Vice President of Hexagon Mining Simon Stone added to this, saying innovation is helping increase the payload of haulage trucks, while at the same time reducing maintenance cost through smart technology.


“Autonomous vehicles will lead to less tyre wear, more predictability of cycle time and fuel burn and more consistent presentation of vehicles to loading and unloading facilities,” Mr Stone said.


“Increasing haulage trucks’ capacity will ultimately result in less trucks on the road and less drivers. This, however, requires legislative intervention, because currently the maximum amount haulage trucks can carry is 140 tonnes and for optimum operation, this would need to be 300 tonnes.”


James Agar, Group Procurement Officer at BHP told delegates that Australia’s largest miner is partnering with global tyre brands, Michelin and Goodyear to help develop the next generation of haulage truck tyres. Mr Agar noted that increasing battery life of haulage trucks will become of increasing competitive advantage to mining companies. As a result, there are hopes the next generation tyres will increase efficiency by 1%-2% which has the potential to save millions of dollars in expenditure.


Addressing community perceptions


Mineral Exploration Account Executive at Fleet Space Technologies Bronwyn Murphy said a challenge the mining sector faces in the modernisation space is the public’s perception that it is behind the curve.


“Earlier in my career, I made a decision to leave the mining industry because I believed the technological opportunities were all in oil and gas,” Ms Murphy said.

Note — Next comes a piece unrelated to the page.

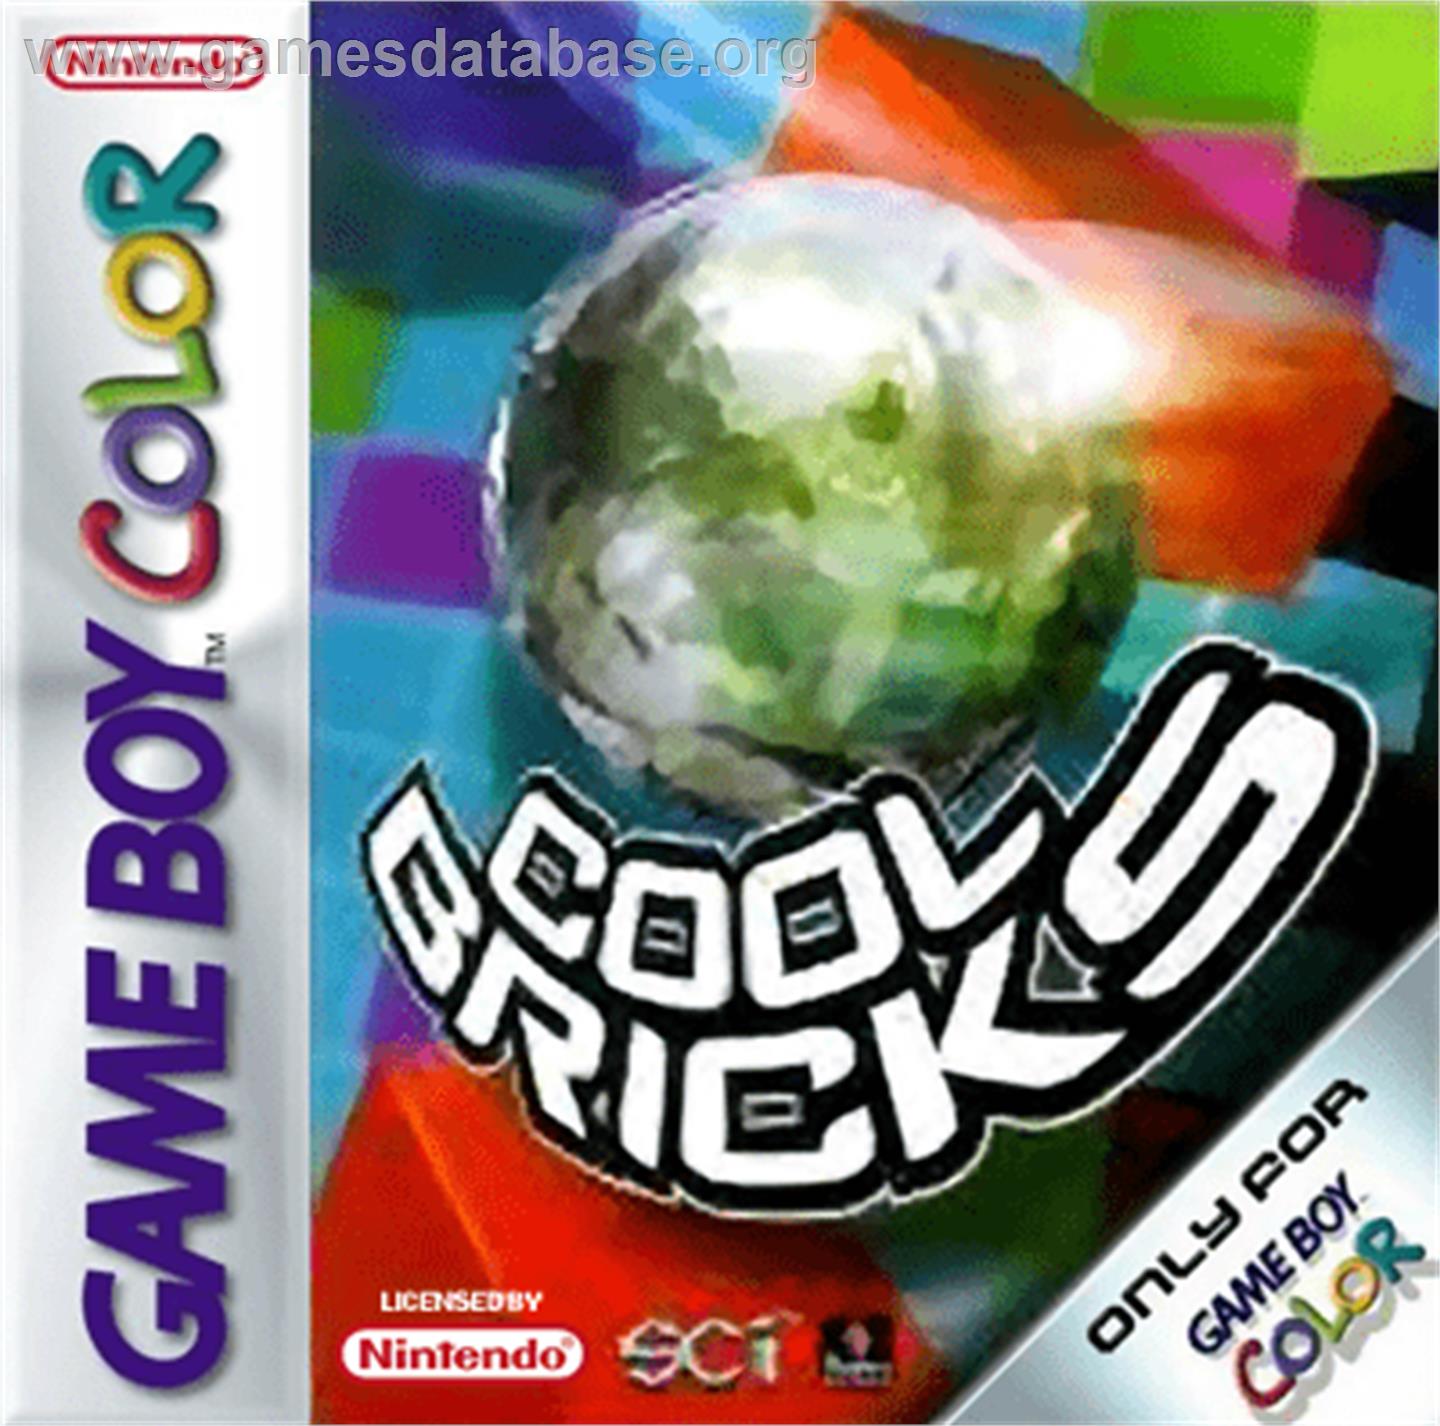 Cool Bricks - Nintendo Game Boy Color - Artwork - Box

“Now, what we’re seeing in the mining industry is a swing in interest in technology and we’re hoping this is obvious for the future generations considering a career in mining – we’re no longer just stuck in our ways and there’s actually a lot of advancements taking place.”


IMARC 2023


The modernisation of mining has been a key focus on Day 1 of IMARC, with more than 8500 delegates gathering to hear from industry experts about the sustainability opportunities and challenges facing the industry in the face of heightened community, shareholder and investor expectations.


This year’s event features the biggest ever exhibition of technology being deployed around the world, including electric haulage vehicles, drilling equipment, robotics, and processing machinery as well as AI, machine learning, IT and communications.


IMARC Event Director Paul Phelan said the key to the event’s success has been ensuring the program reflects the ever-changing industry and the challenges such as improving safety, increasing productivity and reducing emissions to help the world meet ambitious goals.


“IMARC is a solutions-focused event that is all about how technology is being applied, how investments are actioned, and how practical steps are being taken to achieve shared goals,” he said.


“IMARC is where global mining leaders collaborate on trends in mining, investment and innovation towards a sustainable future.”



About The International Mining and Resources Conference (IMARC)



IMARC, Collaborating on trends in mining, investment and innovation towards a sustainable future. The International Mining and Resources Conference (IMARC) is where the most influential people in the mining industry come together, delivering ideas, inspiration and serving as a meeting ground for industry leaders. As Australia’s largest mining event, it brings together over 8,500 decision makers, mining leaders, policy makers, investors, commodity buyers, technical experts, innovators, and educators from more than 120 countries for three days of learning, deal-making and unparalleled networking. IMARC is developed in collaboration with its founding partners the Victorian State Government, Austmine, AusIMM and Mines and Money, and held with the support of its Host Partner, the NSW Government.